İlçeye bağlı Kalegüney Mahallesi, Dereiçi mevkiinde gelişen teknolojiye direnen 400 yıllık su değirmeninin gövdesindeki ahşap yapı, zamanla çürüyüp, hasar gördü.
Mahalle sakinleri, verimli un öğütemez hale gelen değirmeni yeniden faaliyete almak için restorasyon ve onarım çalışması başlattı.
Hummalı çalışmalarla, duvarlarının sıvanması yanı sıra çark ve su tutma havuzu ile ahşap yapıyı yenileyen mahalleli, su değirmenini yeniden kullanır hale getirmeyi başardı.
Değirmen, dualar ve kurdele kesimiyle hizmete açıldı.
Kalın ya da ince mısır unu elde edilebilecek
Yenilenen değirmenin çarkı, çiftçilerin, mısırlarını öğütüp, un haline gelmesi için yeniden dönmeye başladı. Yapılan tadilatla mısırların özel dizayn edilen ahşap dümen sayesinde talebe göre kalın veya ince öğütülmesi de sağlandı.
Karadeniz yemeklerinin vazgeçilmezi olan mısır ununun daha leziz olmasında taş değirmenlerin önemini vurgulayan yöre halkı, bu sayede atalarından kalan mirasa da sahip çıkmış olduklarını belirtti.
"En az 50 yıl daha dayanacaktır"
Kalegüney Mahallesi Muhtarı Cemal Alan, yaptıkları tadilatla değirmenin ömrünün 50 yıl daha uzayacağını belirterek, şöyle konuştu:
“Değirmenimiz, köyümüzün kurulduğu tarihten itibaren vardı. Değirmenin bakımını eskiden bir kişi yapıyordu, onun karşılığında mısırdan bir miktar pay veriyordu ona köylü.
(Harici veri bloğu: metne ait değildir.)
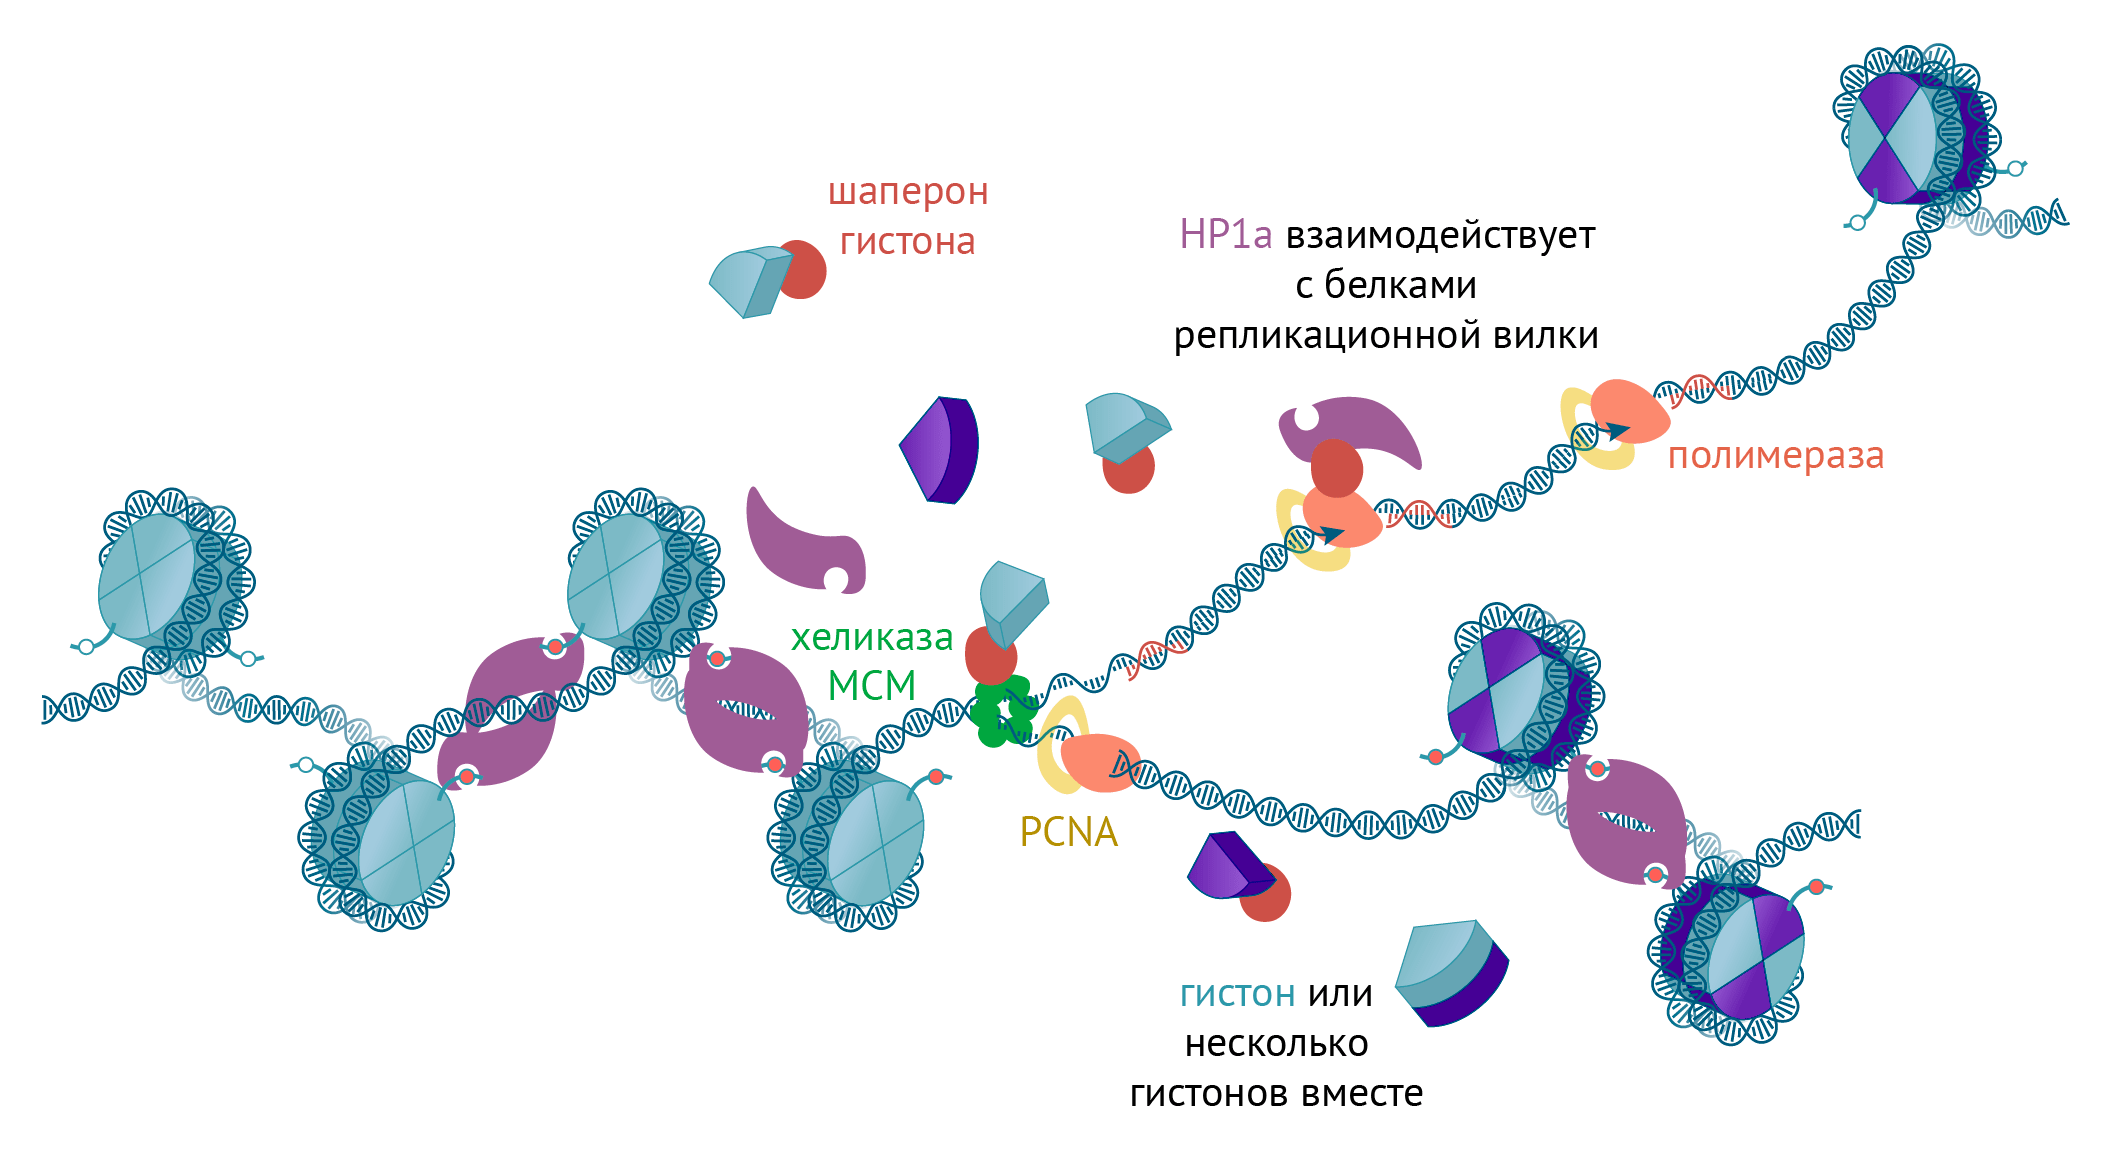 Наследование гистонов и негистоновых белков во время репликации

O geçimini sağlıyor değirmen de bakımlı halde kalıyordu. Zamanla değirmenin ağacı, ahşabı çürüdü, duvarları soba yandığından dolayı is olmuştu. Duvarları sıvadık, değirmenin teknesini yaptırdık, taşın kenarındaki un teknesini yaptırdık. Değirmenin çarkı ve su tutma havuzu dahil hepsini yeniledik. Değirmende yaptığımız tadilat en az elli yıl dayanacaktır.”
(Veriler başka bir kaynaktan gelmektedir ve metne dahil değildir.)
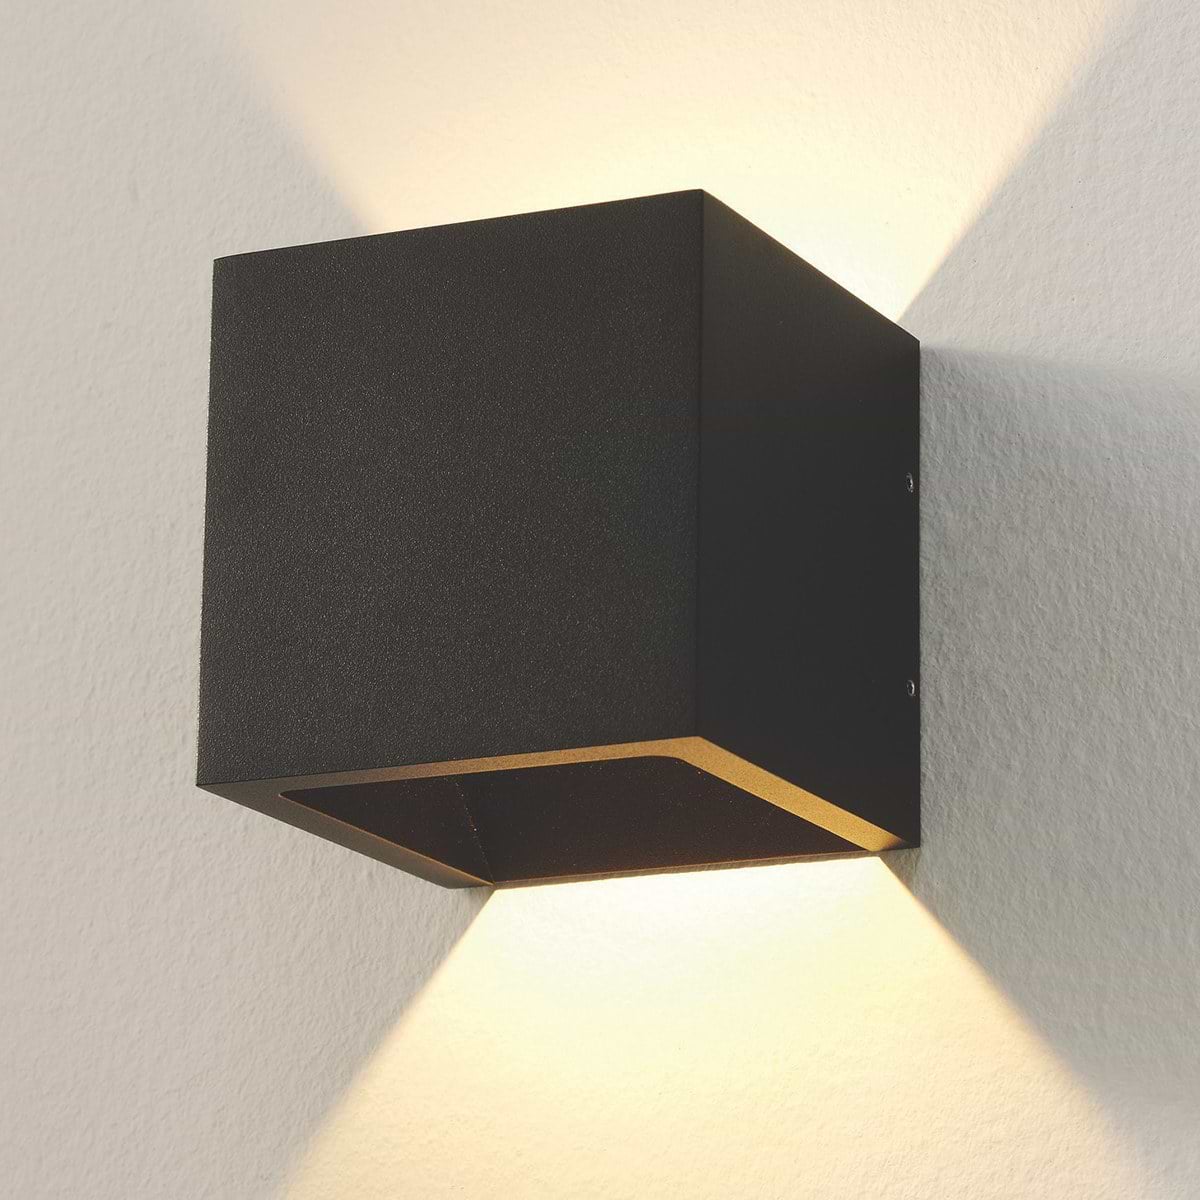 Badkamer wandlamp zwart "Cube" 10x10x10cm LED, ART DELIGHT - WLCUBEZW -

"Kültür mirasımız yaşasın"
Muhtar Cemal Alan, atalarından kalan bu kültür mirasını yeni nesillere de devretmeyi amaçladıklarını söyleyerek, “Amacımız bizden sonrakilere, atalarımızın bize bıraktığı bu kültür mirasını devredelim, kültür mirasımız yaşasın, gençlerimiz çocuklarımız böyle bir esere sahip olsun istedik. Değirmeni tamir etmemiz en az elli yıl dayanacaktır, elli yıl sonra geriden gelen gençlerimiz esere sahip çıkarlar ve onlar da bu geleneği devam ettirirler istiyoruz. Bu çevrede bir Yenicami Mahallesi’nde bir su değirmeni kaldı, bir de bizim Kalegüney değirmeni kaldı. Bütün çevre köylerin insanları da değirmen dönmeye başladı diye gelip mısırlarını öğütüyorlar” diye konuştu.
"Mısır ununu çok seviyoruz"
Su değirmenine mısır öğütmek için gelen Gamze Karaca da, “Biz, mısır ununu karalahanada, mısır ekmeği yapımında, hamsi tavada ve mıhlama yaparken kullanırız. Bizler mısır ununu çok seviyoruz. Değirmenizin yeniden faaliyete geçmesi bizleri mutlu etti” dedi.